Using simulated data, Lampinen (2016) argued that ROCs derived from lineup and showup identification procedures produce different estimates of witnesses’ ability to discriminate guilty from innocent suspects even if their true level of discrimination accuracy does not vary. This point, if correct, would raise questions about ROC-based comparisons of the accuracy of lineup and showup identifications (Gronlund et al., 2012; Mickes, 2015; Wetmore et al., 2015). However, we will show that Lampinen reached an erroneous conclusion because he simulated data using relatively liberal criterion locations and inappropriately applied signal detection equations from a different decision task. Lampinen’s second criticism of ROCs is that they encourage researchers to compare discrimination accuracy at different levels of witness confidence, which “is not a reasonable or scientifically valid way to compare two conditions” (Lampinen, 2016, p. 28). As we will argue, this claim fails to recognize the most valuable contribution of ROCs, which is exactly that they eliminate the need to worry about witness confidence because the same decision accuracy (d′) is reflected at every confidence level.1. In contrast to Lampinen’s (2016) claim, ROCs provide the best measures of underlying discrimination performance and may be compared across lineups of different lengths (including showups).

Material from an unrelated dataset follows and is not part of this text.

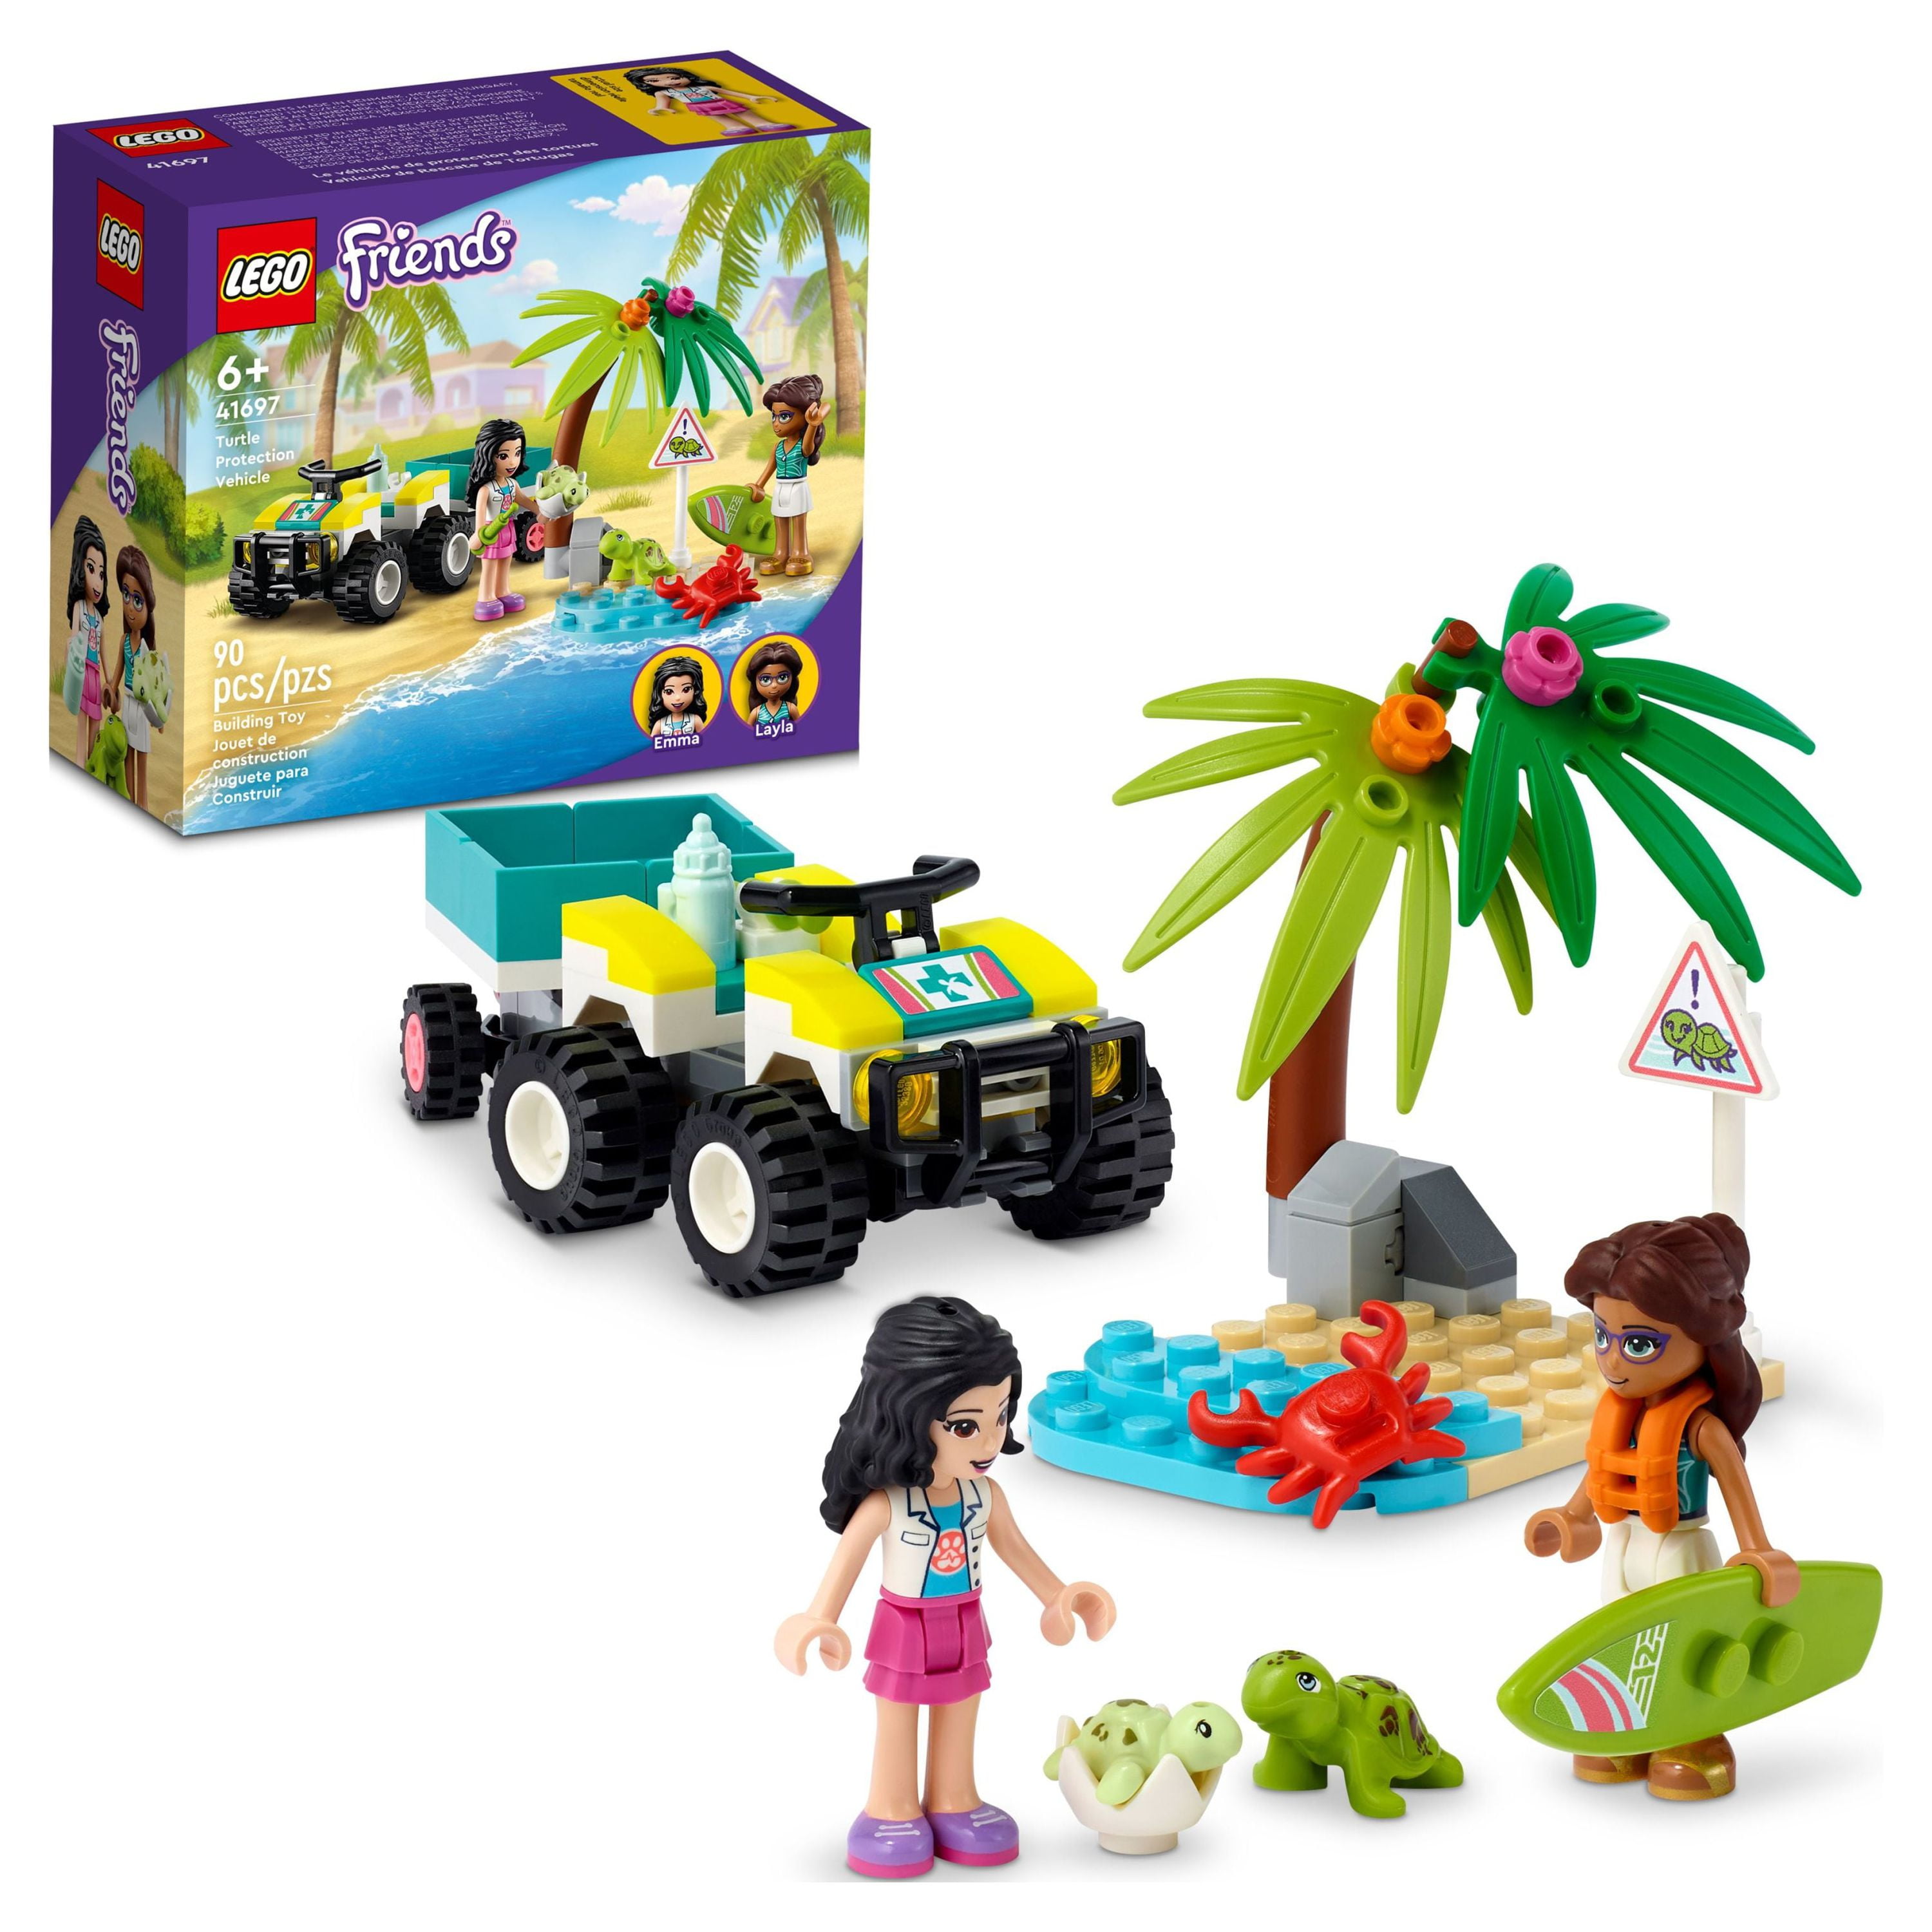 LEGO Friends Turtle Protection Vehicle , Animal Rescue Building Set  With ATV, Island, and 2 Mini Figures, Pretend Play Toy for Animal Loving

Lampinen (2016) argued that witnesses’ ability to distinguish guilty from innocent suspects appeared to be different for showup and lineup procedures that involve ROCs, so “pAUC analyses do not provide a valid way of comparing identification procedures” (Lampinen, 2016, p. 26). As evidence, he offered a series of simulations in which true discrimination accuracy (d′) was equated for two different identification tasks: showups and six-photograph lineup identifications. In both cases, Lampinen assumed an underlying representation based on signal detection theory (Macmillan & Creelman, 2005). Specifically, memory strength values were sampled from Gaussian strength distributions with a mean of 0 and a standard deviation of 1 for fillers, and a mean of d′ (set at 0.5, 1, 1.5, or 2)Footnote 3 and a standard deviation of 1 (for equal variance simulations) or 1.2 (for unequal variance) for guilty suspects.
To simulate the showup procedure, Lampinen randomly selected a single value from either the guilty suspect distribution, to represent a TP showup, or the foil distribution, to represent a TA showup. The sampled strength was compared with a fixed set of criterion values (0.18, 0.23, 0.27, 0.39, 0.67, 1.15, and 1.53) to assign a confidence level for the response. For example, a sampled strength of 1.0 would be assigned a confidence level of 6 because it falls in the interval between the fifth and sixth criterion locations. Any sampled strength greater than 0.18, the lowest criterion, was assumed to result in a positive identification.
Simulation of the six-photograph lineup procedure was similar, except that each simulated lineup involved six sampled strengths, either one from the guilty suspect distribution and five from the filler distribution (for a TP lineup) or all six from the filler distribution (for a TA lineup). In either case, the highest sampled strength determined the confidence rating. If that strength was from the guilty suspect distribution, then a “hit” resulted. If the lineup included only fillers, then any strength above the lowest criterion (0.18) was treated as a false alarm. Because there are six opportunities for a filler to exceed the criterion in a TA lineup, the resulting response rates were divided by 6.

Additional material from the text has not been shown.